This approach ensures that users maintain full control over their digital footprint while still benefiting from contextual AI interactions when desired.

Memory Usage in AI Responses

The UPlanet_IA_Responder.sh script utilizes the stored memory in several ways to provide contextual AI responses:

1. Memory Display (#mem tag)

When a user includes the #mem tag, the script:

  • Loads the user's conversation history from ~/.zen/strfry/uplanet_memory/pubkey/{pubkey}.json
  • Formats the last 30 messages with timestamps and cleaned content (removing #BOT/#BRO tags)
  • Returns a human-readable conversation history without recording the current message

2. Memory Reset (#reset tag)

When a user includes the #reset tag, the script:

  • Deletes the user's memory file completely
  • Returns a welcome message explaining available AI features
  • Provides a fresh start for AI interactions

3. Contextual AI Responses (Default behavior)

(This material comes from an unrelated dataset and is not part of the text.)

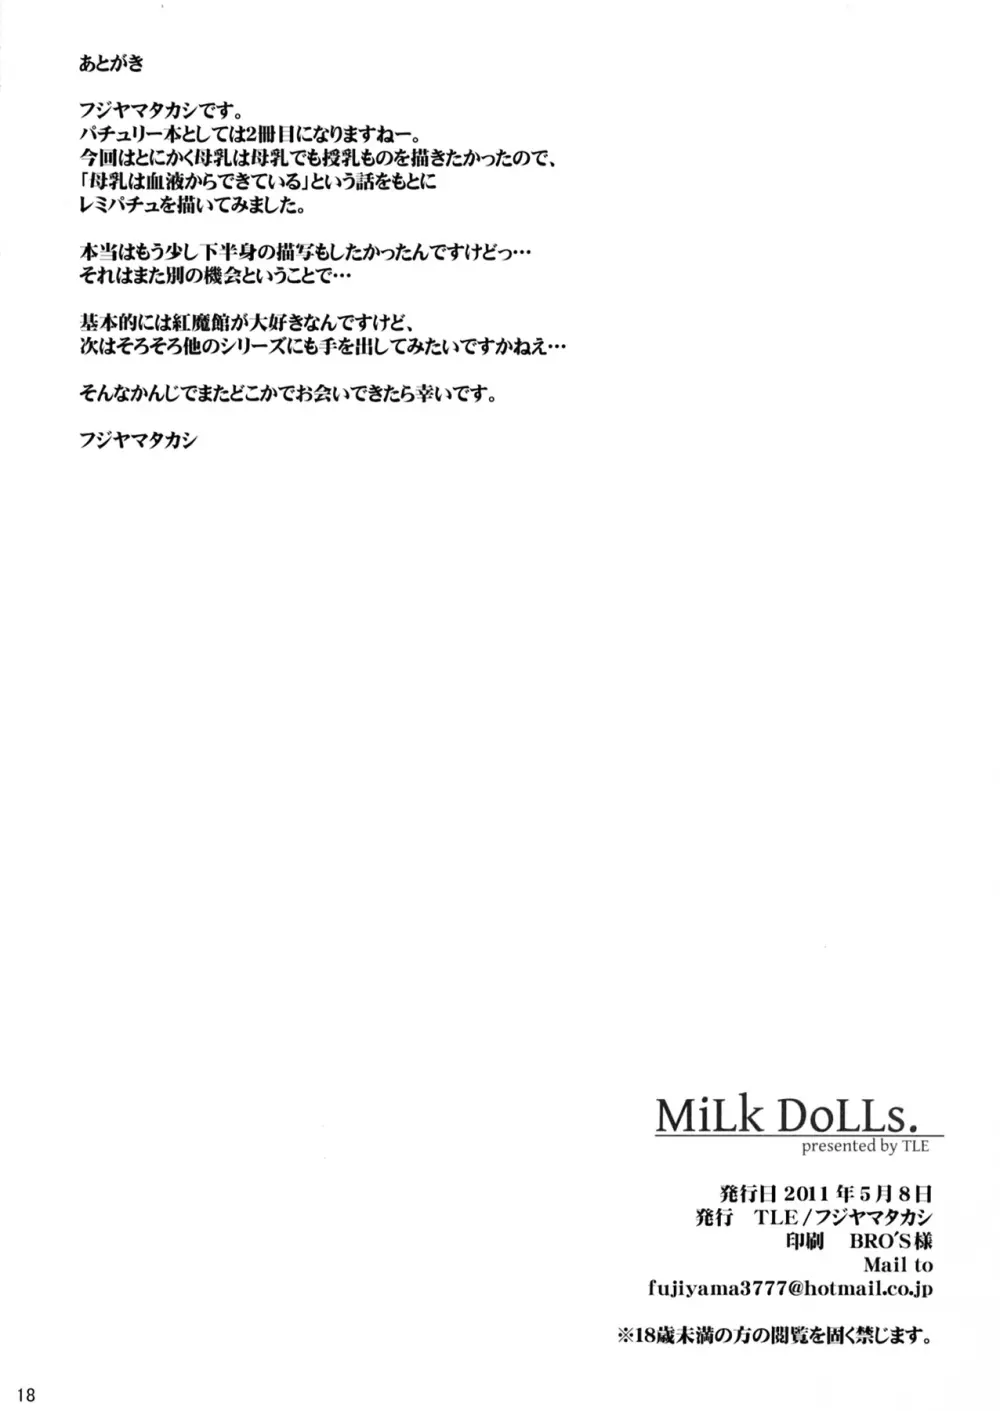 MiLK DoLLs 18ページ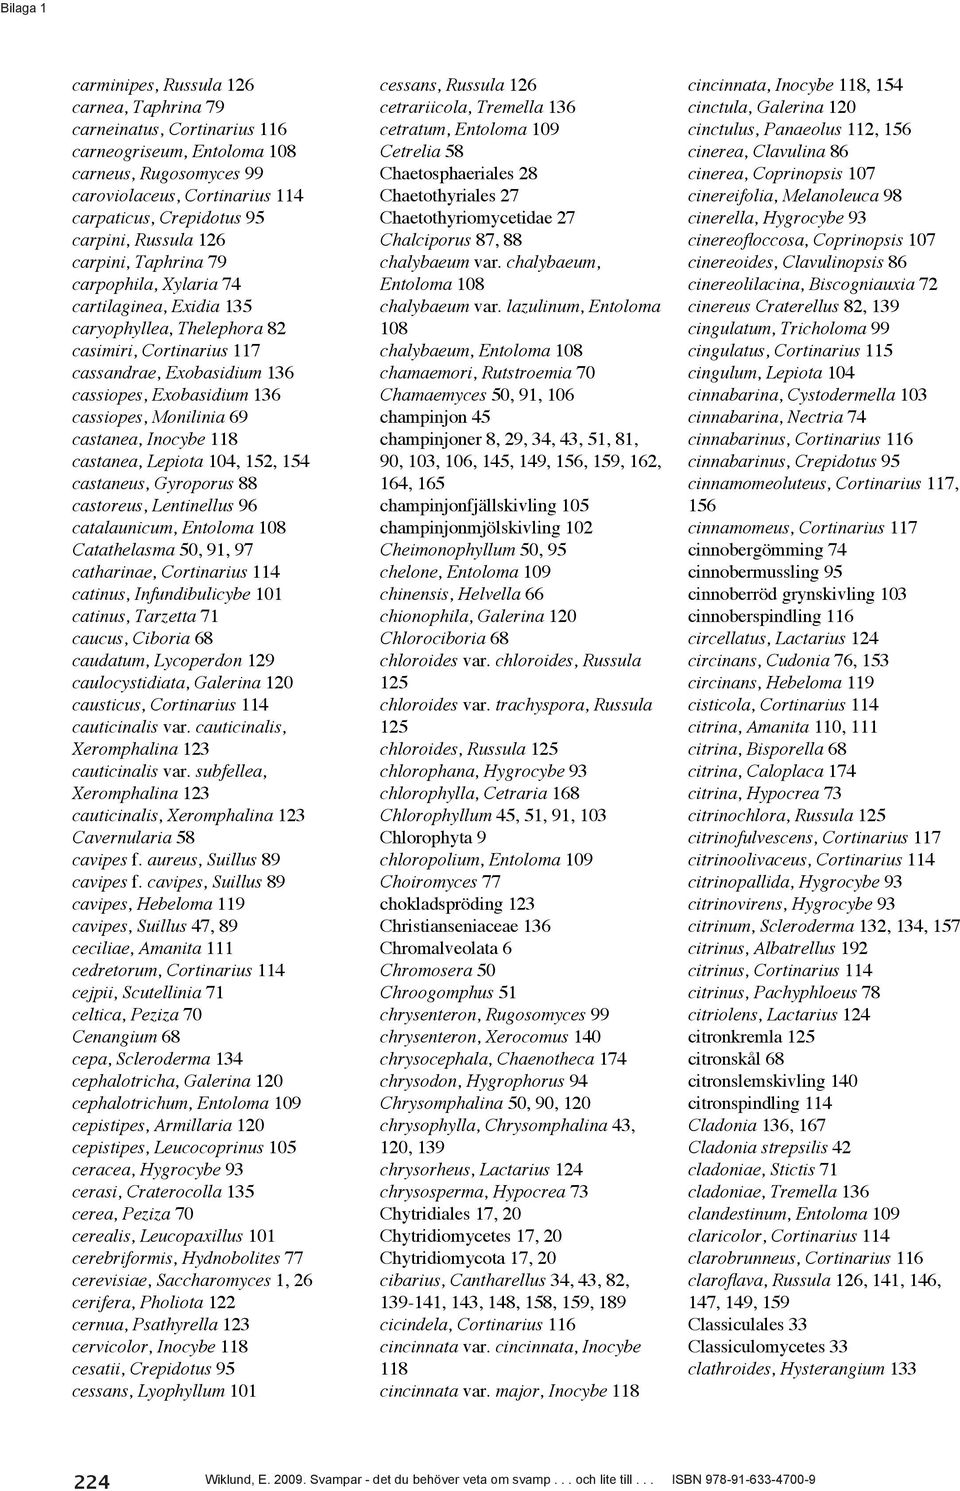 Monilinia 69 castanea, Inocybe 118 castanea, Lepiota 104, 152, 154 castaneus, Gyroporus 88 castoreus, Lentinellus 96 catalaunicum, Entoloma 108 Catathelasma 50, 91, 97 catharinae, Cortinarius 114

For general questions without specific tags, the script:

  • Calls question.py with the user's pubkey parameter
  • question.py loads conversation history from the user's memory file
  • Constructs a context-aware prompt including previous messages
  • Sends the enhanced prompt to Ollama for AI response generation
  • Logs both the prompt and response to ~/.zen/tmp/IA.log

4. Memory Structure and Access

The memory system provides two types of context:

User Memory (pubkey/{pubkey}.json):

{
  "pubkey": "user_public_key",
  "messages": [
    {
      "timestamp": "2024-01-01T12:00:00Z",
      "event_id": "event_hash",
      "latitude": "48.8534",
      "longitude": "-2.3412",
      "content": "User message content"
    }
  ]
}

UMAP Memory ({latitude}_{longitude}.json):

{
  "latitude": "48.8534",
  "longitude": "-2.3412",
  "messages": [
    {
      "timestamp": "2024-01-01T12:00:00Z",
      "event_id": "event_hash",
      "pubkey": "user_public_key",
      "content": "Message content at this location"
    }
  ]
}

5. Context Integration in AI Prompts

The question.py script enhances AI responses by:

  • Loading relevant conversation history (up to 50 messages)
  • Formatting previous messages as context
  • Including location information when available
  • Constructing a comprehensive prompt for Ollama
  • Maintaining conversation continuity across sessions

This memory system enables the AI to provide personalized, context-aware responses while respecting user privacy through explicit consent via the #rec tag.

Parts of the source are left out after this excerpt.